Re: Unicode Normalisaton Optimisation Experiments

From: Peter Kirk (peterkirk@qaya.org)
Date: Fri Sep 26 2003 - 07:37:47 EDT

  • Next message: Peter Kirk: "Re: Fun with proof by analogy, was Re: Mojibake on my Web pages"

    On 26/09/2003 10:52, jon@spin.ie wrote:

    > ...
    >
    >If there is a problem with this then it goes deeper than just NFC, but to the rules of how combining characters can or cannot be reordered, and the meaning that the resulting strings have. If there is a problem with that then the problem lies with those rules, rather than NFC which uses them.
    >
    >
    >
    Actually, in my opinion based on experience with problem combinations in
    Hebrew and Arabic, the problem is not so much with the reordering rules
    as with the way that some canonical decompositions and combining classes
    have been inappropriately defined, and with the stability policy which
    decrees that even the most obvious mistakes cannot be corrected.

    The problem is that the definitions in the Unicode Standard conflict
    with the stability policy. For example, from p.83 of TUS 4.0:

    > D46 Combining class: A numeric value given to each combining Unicode
    > character that
    > determines with which other combining characters it typographically
    > interacts.
    > • See Section 4.3, Combining Classes—Normative, for information about
    > the combining
    > classes for Unicode characters.
    > Characters have the same class if they interact typographically, and
    > different classes if they
    > do not.

    This is simply untrue and so needs to be changed.

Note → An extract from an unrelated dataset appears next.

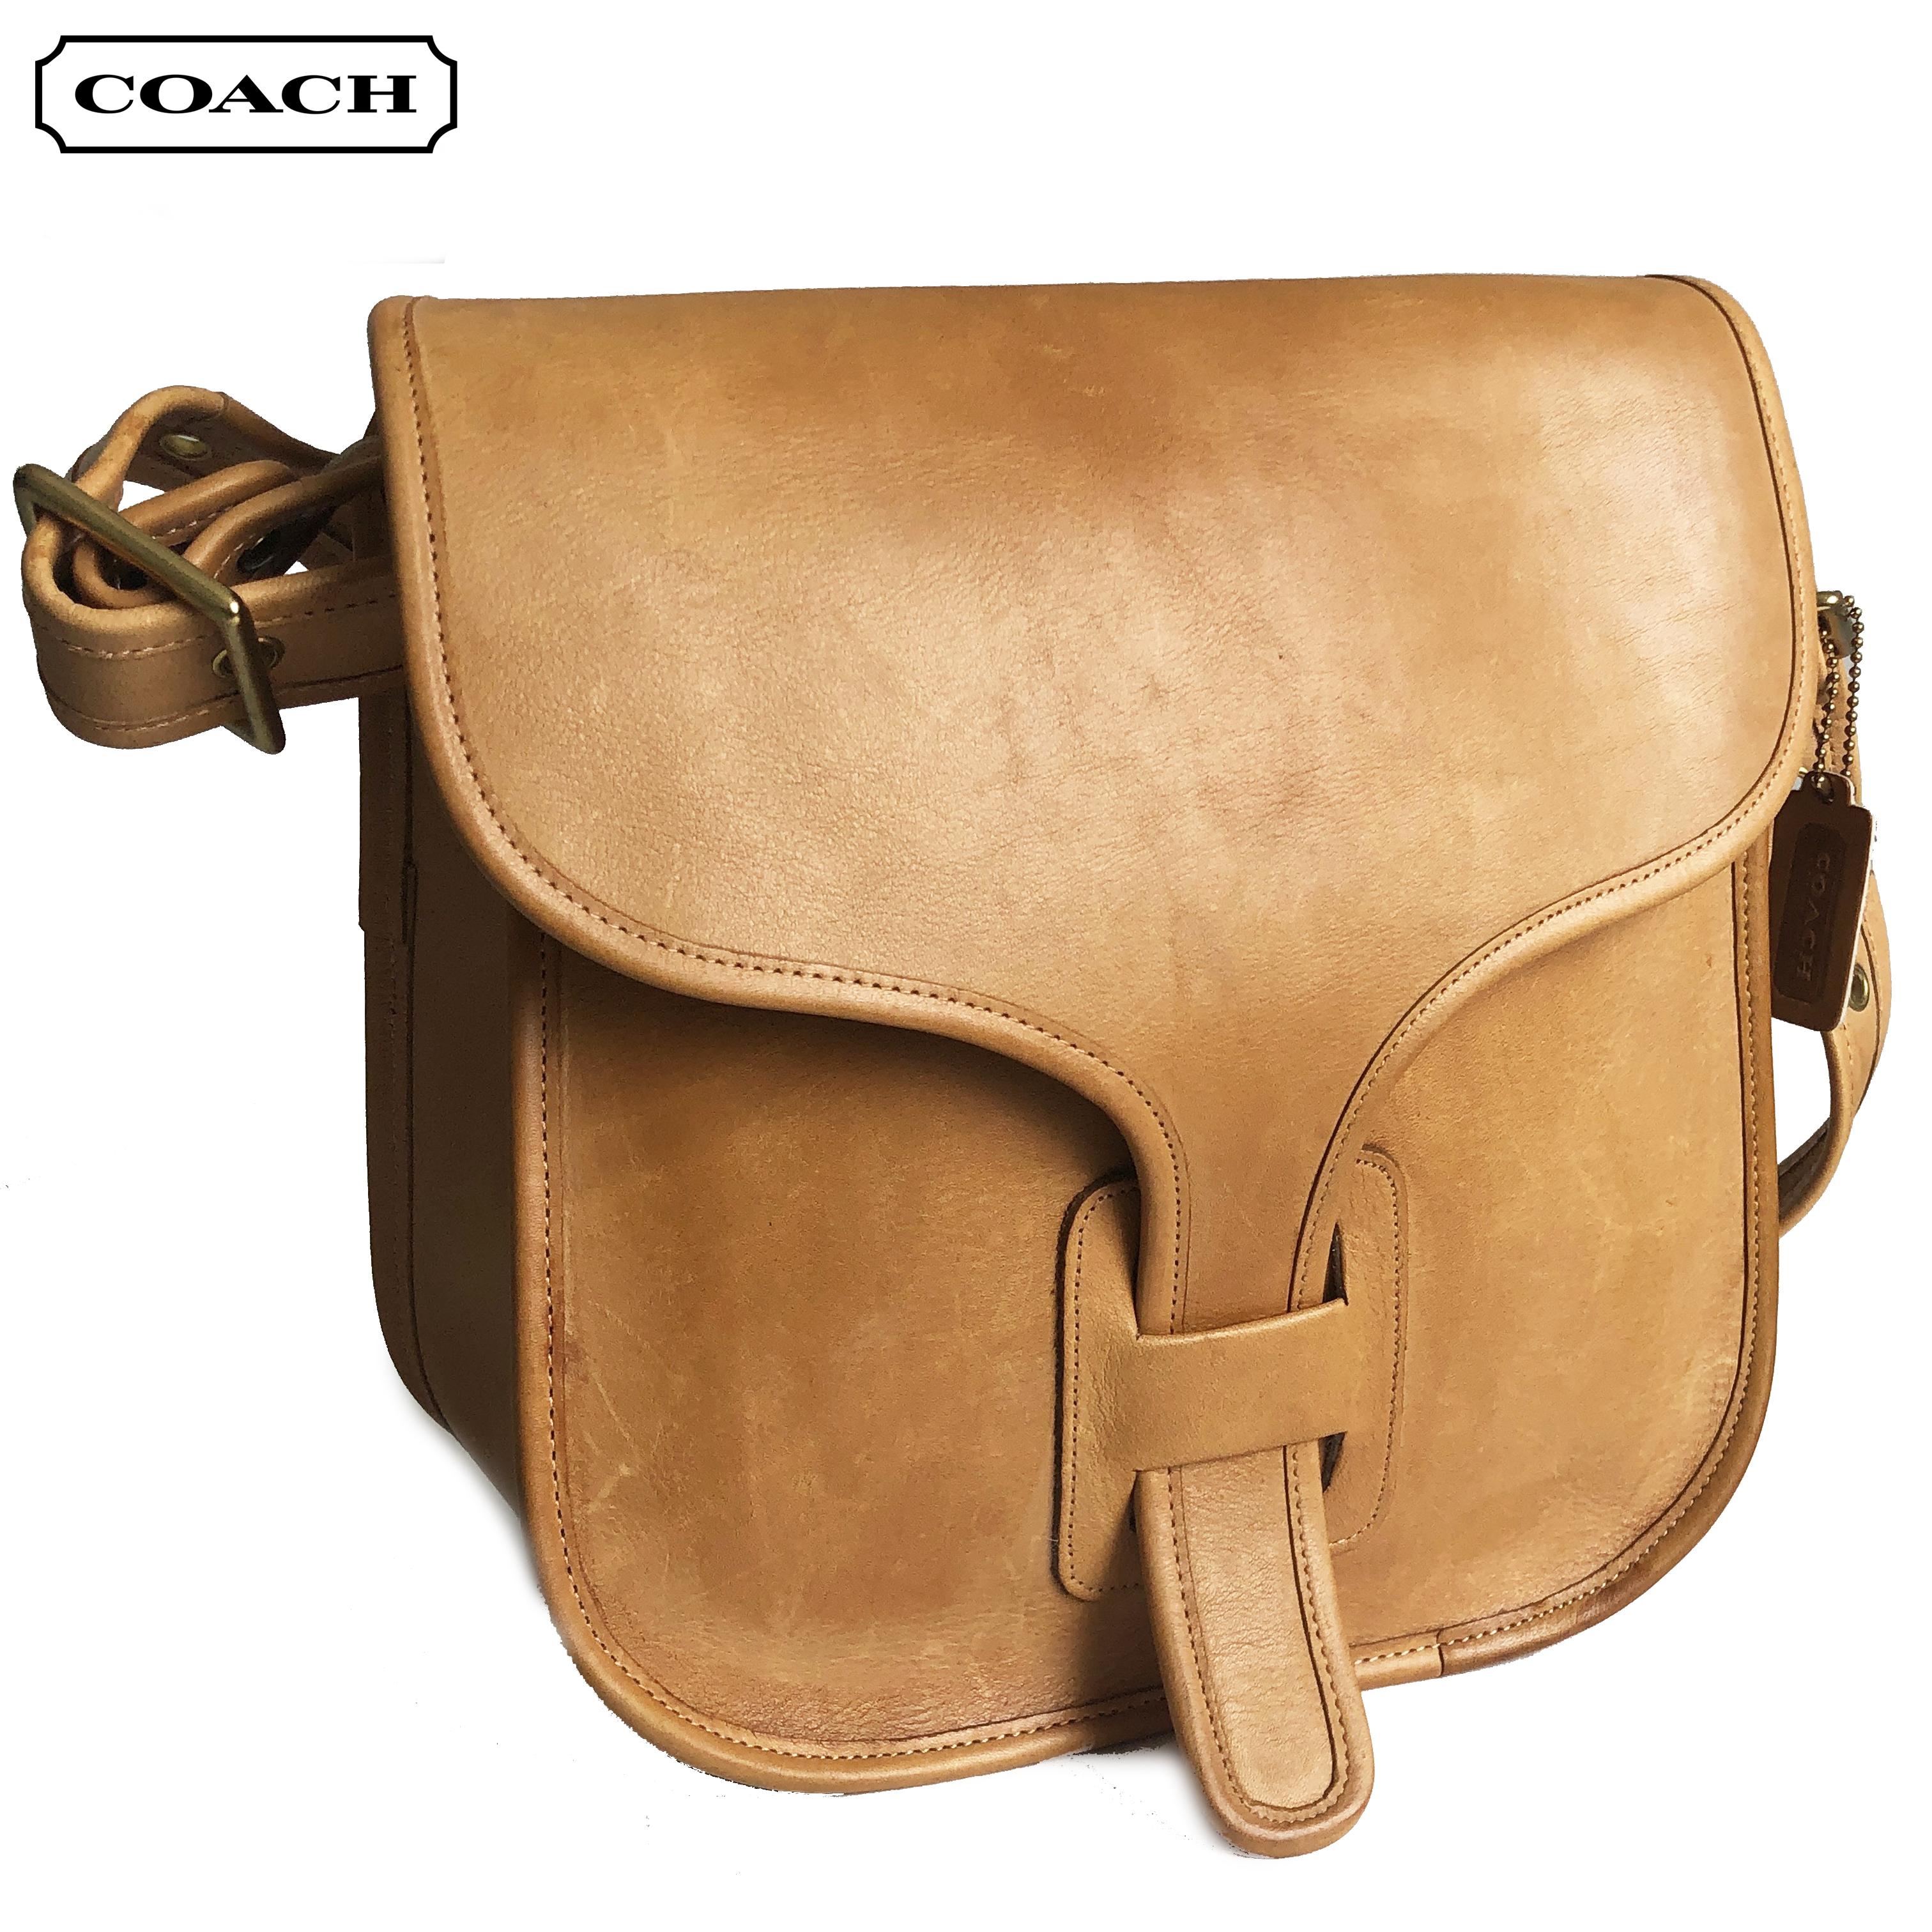 Authentique:: pré-owned:: vintage Coach Bag Large Courier Saddle Tan Leather:: made in NYC. Pré style creed ; appelé plus tard style 8920. Non doublé avec 1 poche zippée. D'occasion/vintage:: ce sac est super propre (ce que nous disons RAREMENT)::

I have well documented
    examples from Hebrew and from Arabic of combining characters which do
    not have the same combining class but do interact typographically.
    (Unless D46 is read as a counter-intuitive definition of
    "typographically interacts".) The obvious way of correcting this error,
    to adjust the combining classes, is ruled out by the stability policy.
    So the text of the standard, which can be changed in a new version,
    needs to be changed to read something like:

    Characters have the same class if according to the best information
    available in 2001 (?) they were thought to interact typographically, and
    different classes if they were thought not to.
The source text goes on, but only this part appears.